## Problem description
Every entry should be returned unchanged, with the pictures omitted.

============

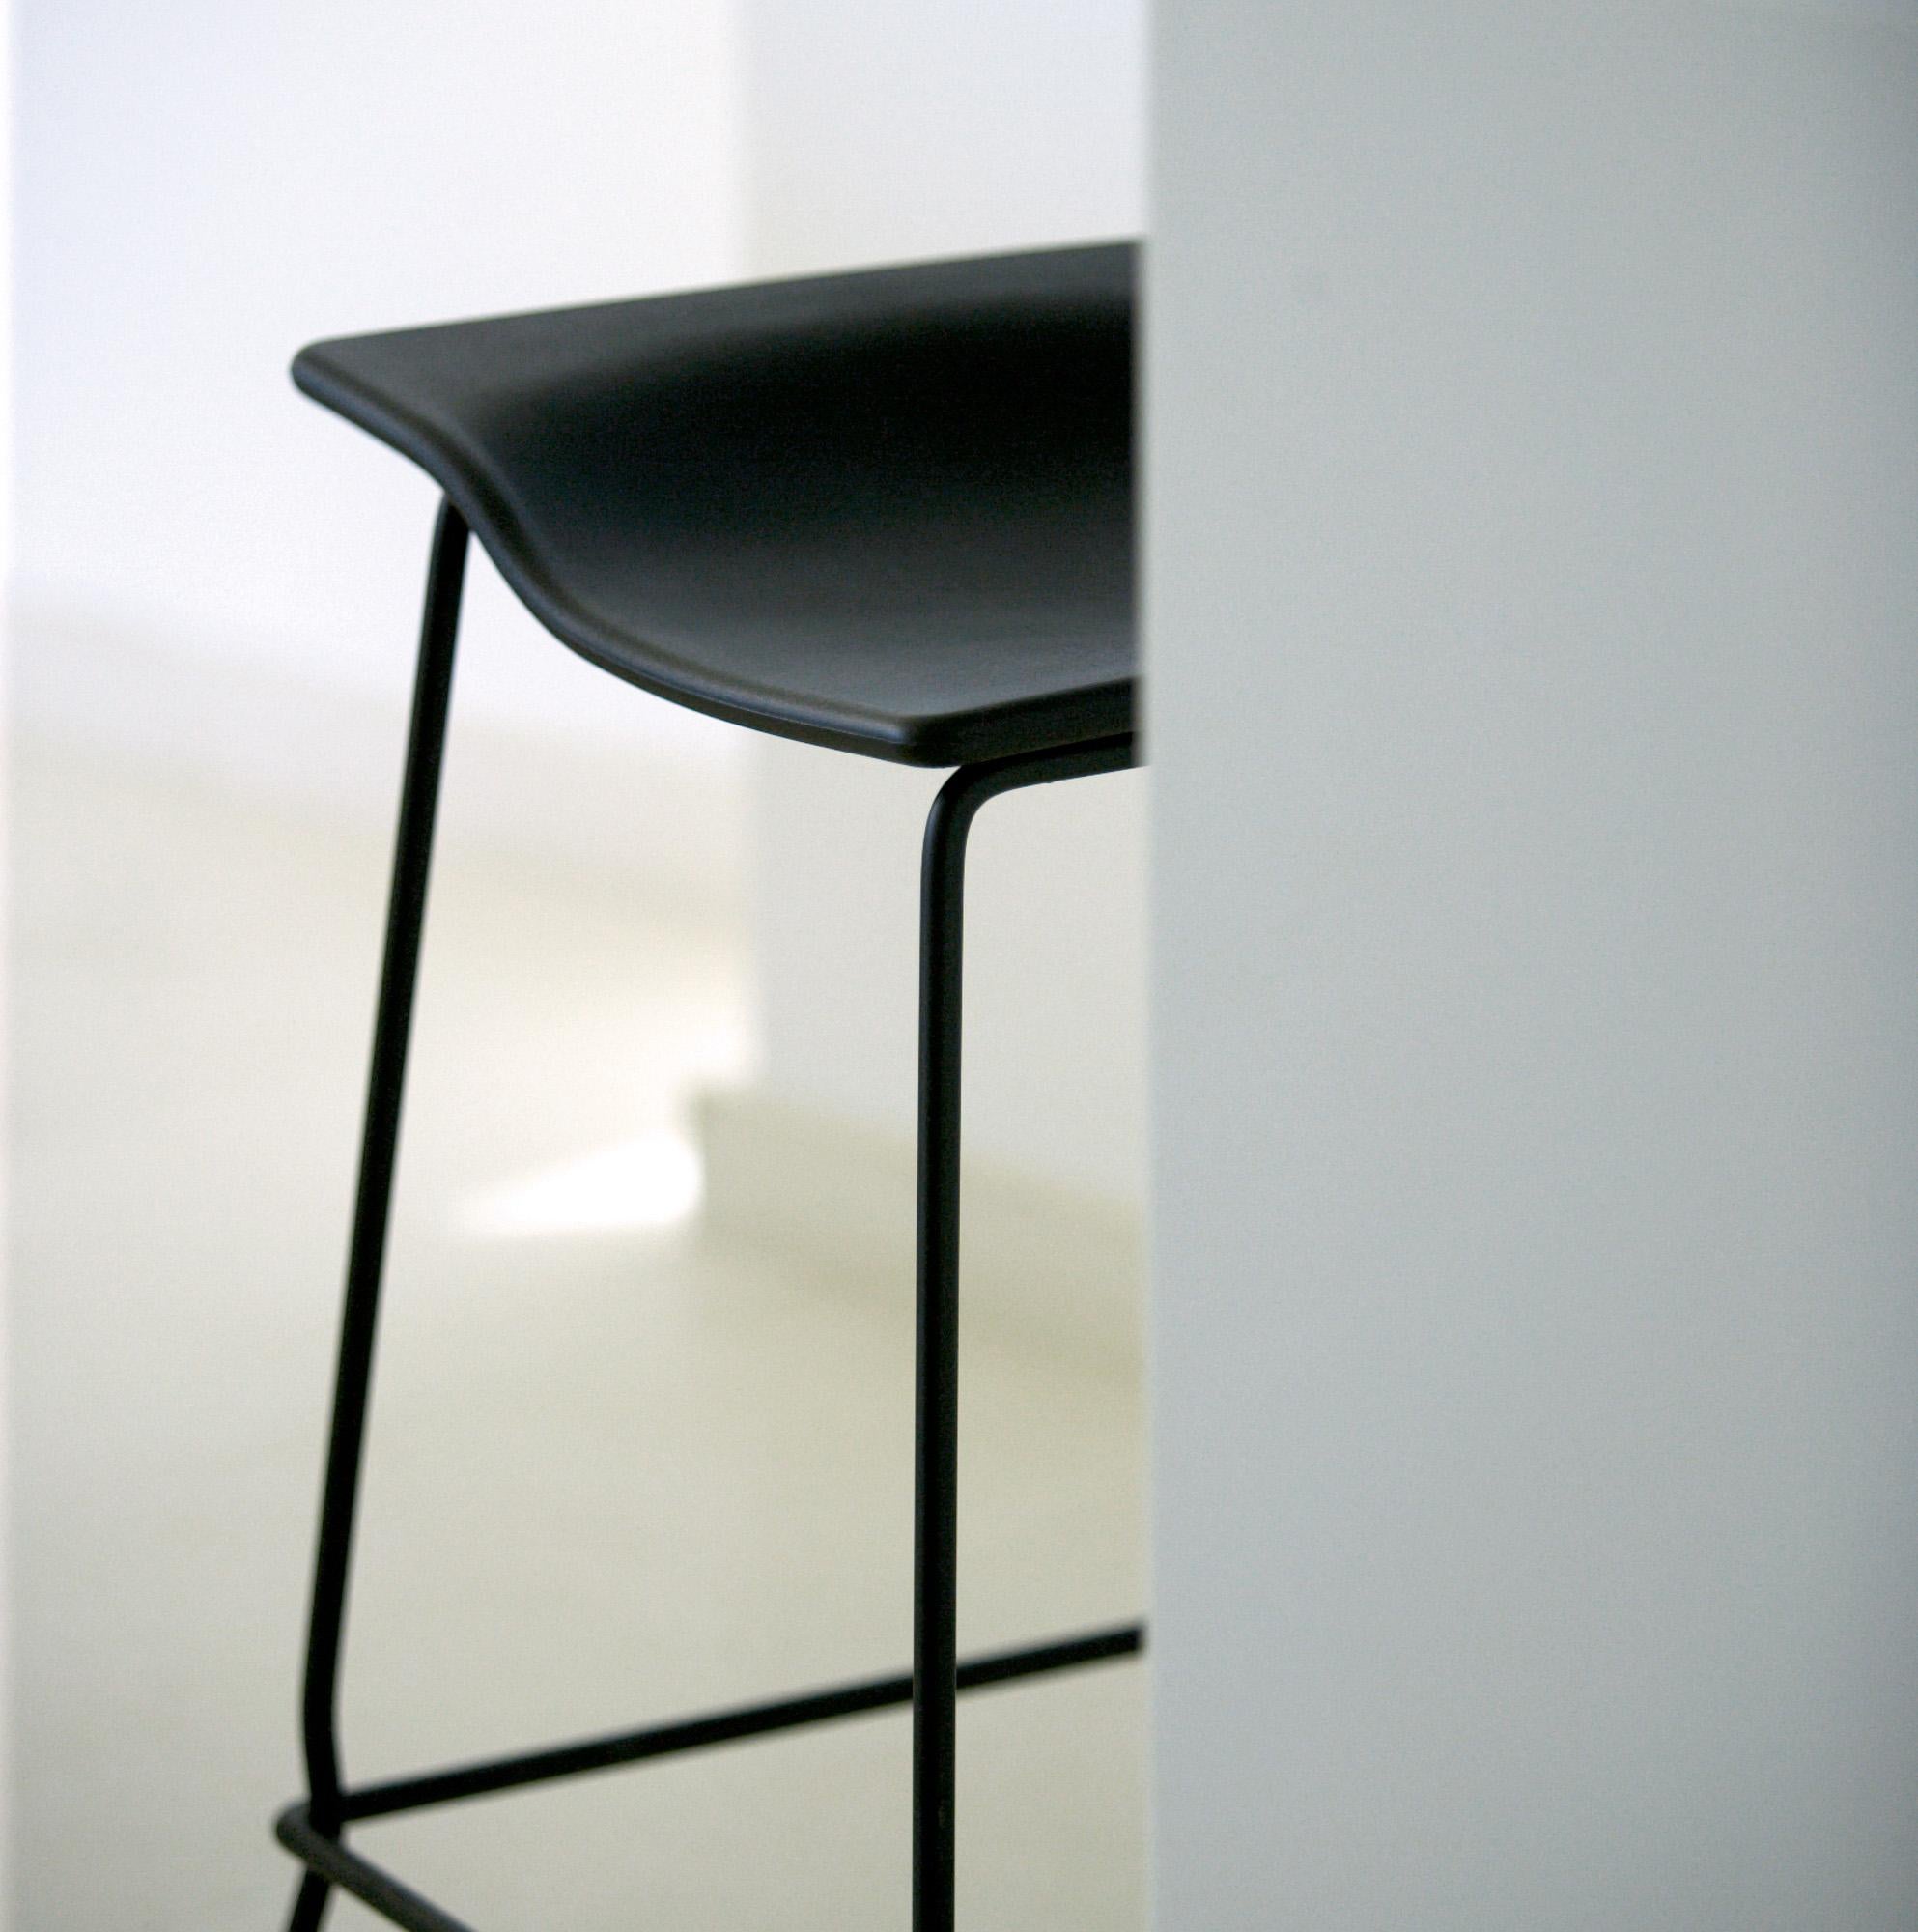 High stool by Spanish designer Patricia Urquiola for Viccarbe. 

A rotomoulded polyethylene seat with a lacquered steel frame and stainless steel footrest.

Its structural design has become a contemporary classic.

Its seat design makes it a very
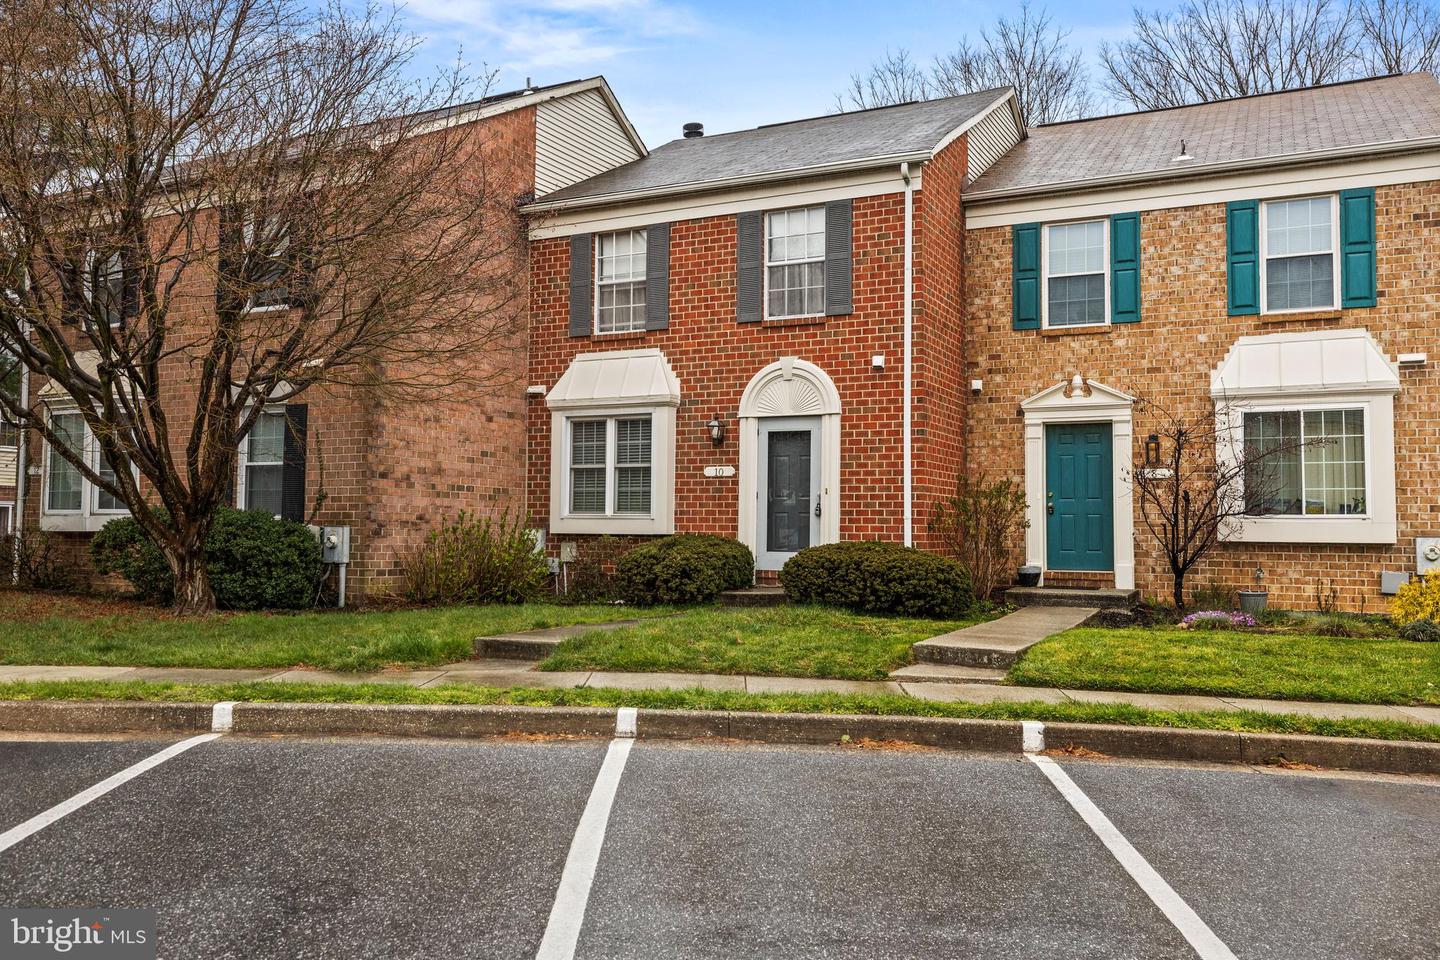 View Owings Mills, MD 21117 townhome
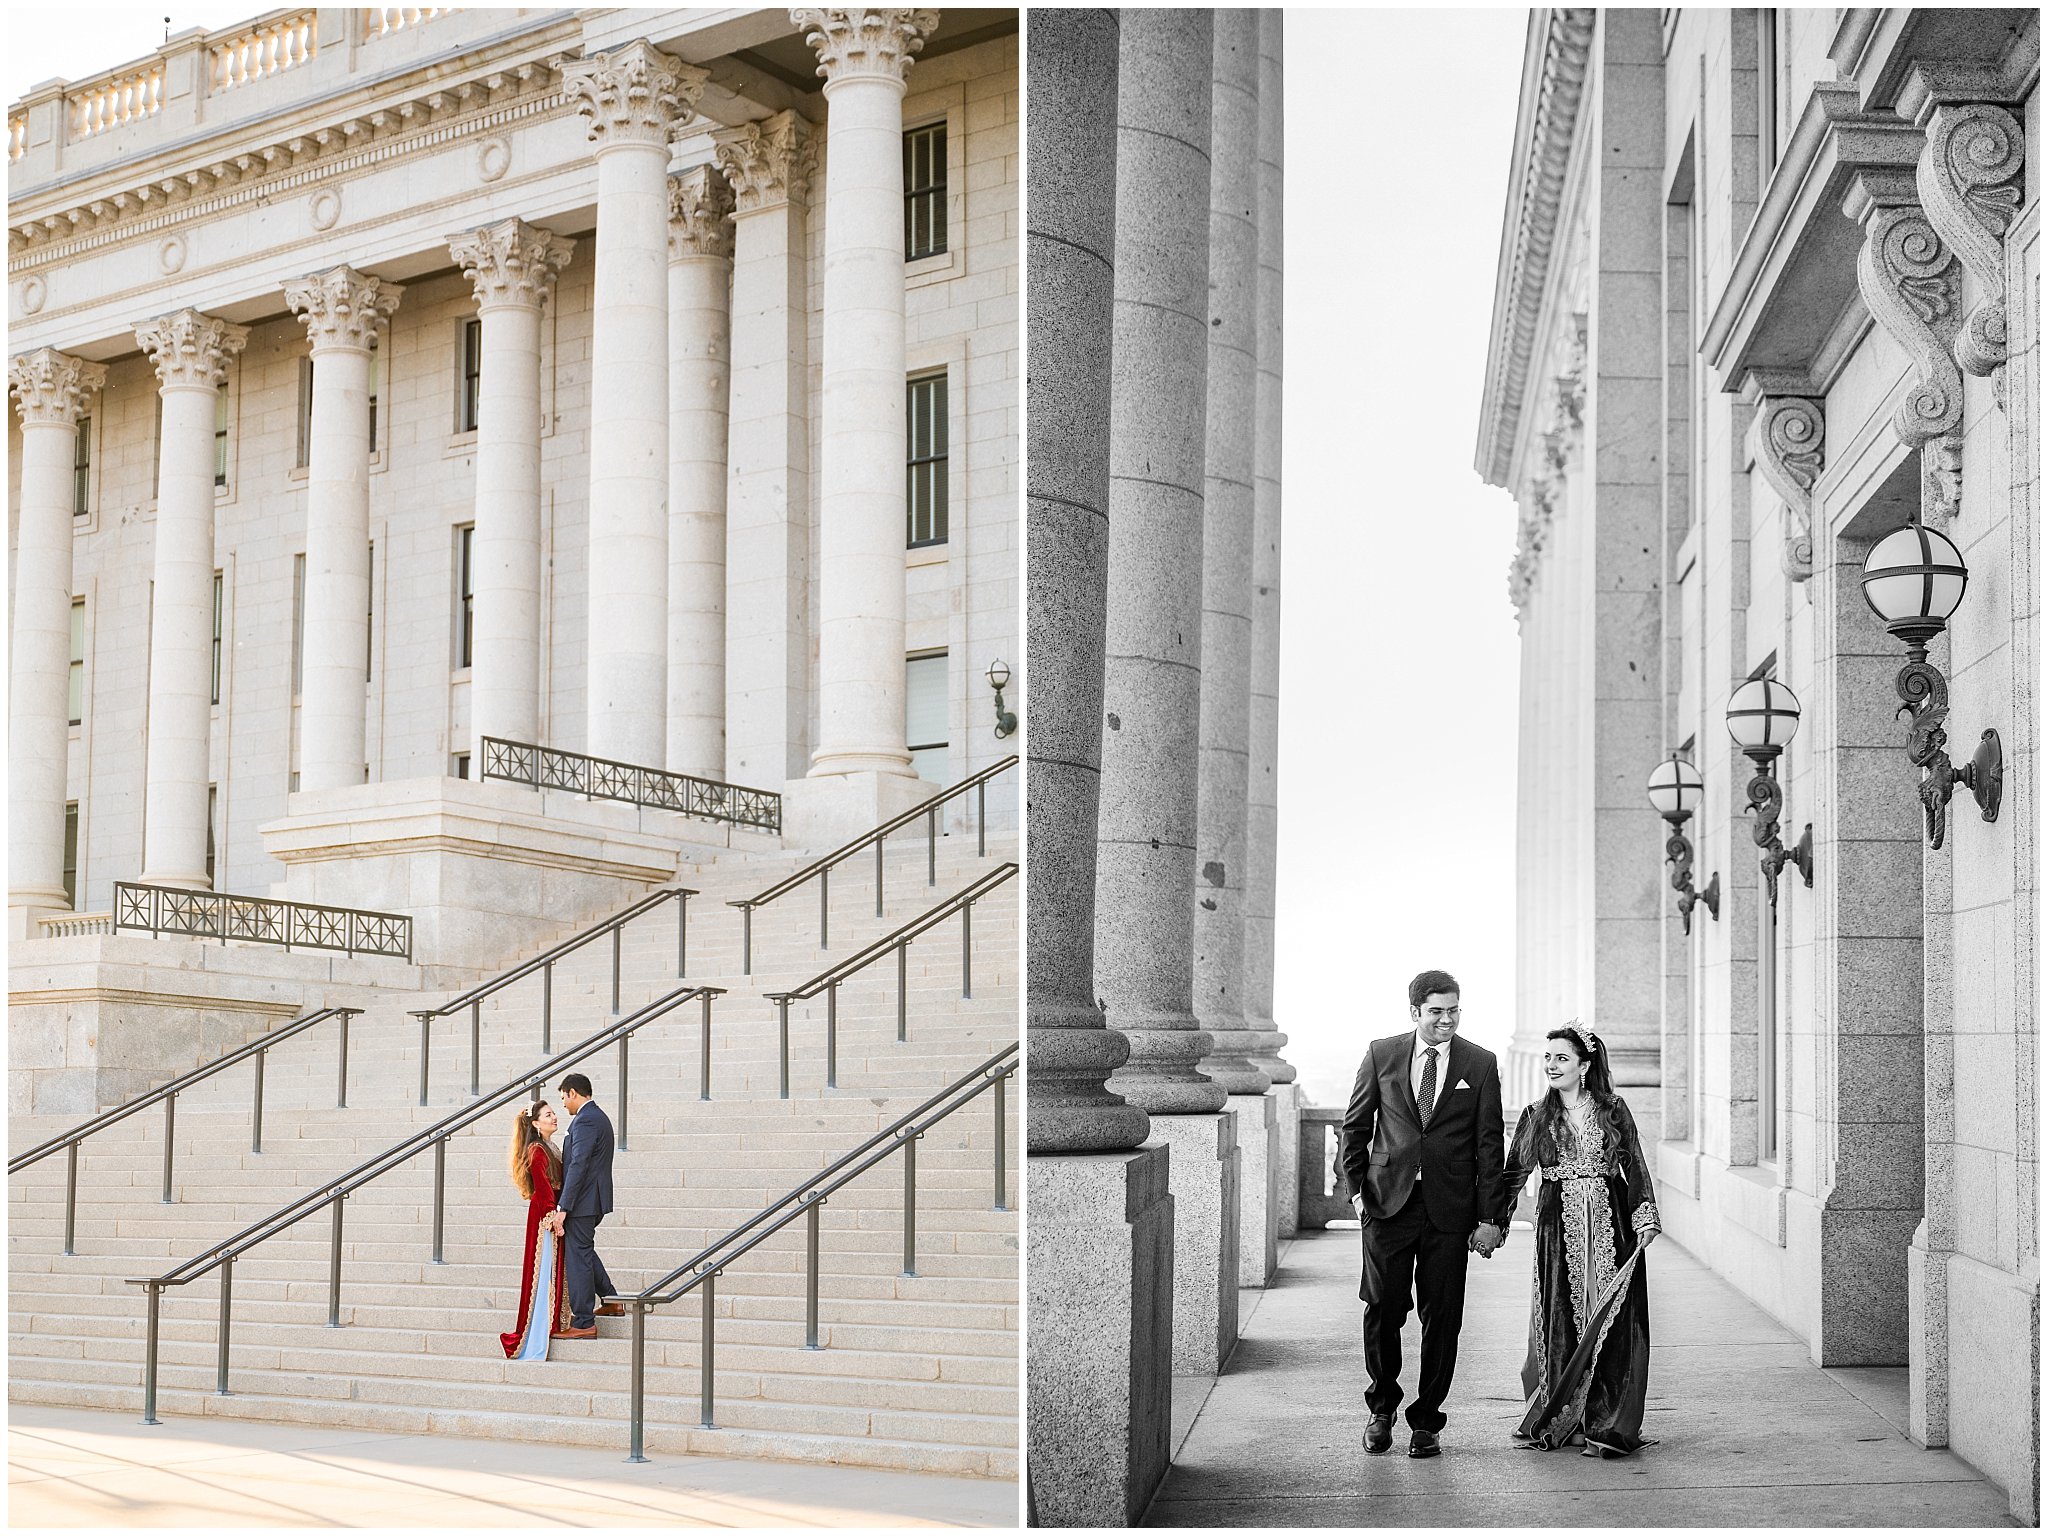 Couple at the Utah State Capitol in the summer | Moroccan-inspired Utah State Capitol sunset wedding formal session

============

## Response to the exercise
 High stool by Spanish designer Patricia Urquiola for Viccarbe. 

A rotomoulded polyethylene seat with a lacquered steel frame and stainless steel footrest.

Its structural design has become a contemporary classic.

Its seat design makes it a very
 View Owings Mills, MD 21117 townhome
 Couple at the Utah State Capitol in the summer | Moroccan-inspired Utah State Capitol sunset wedding formal session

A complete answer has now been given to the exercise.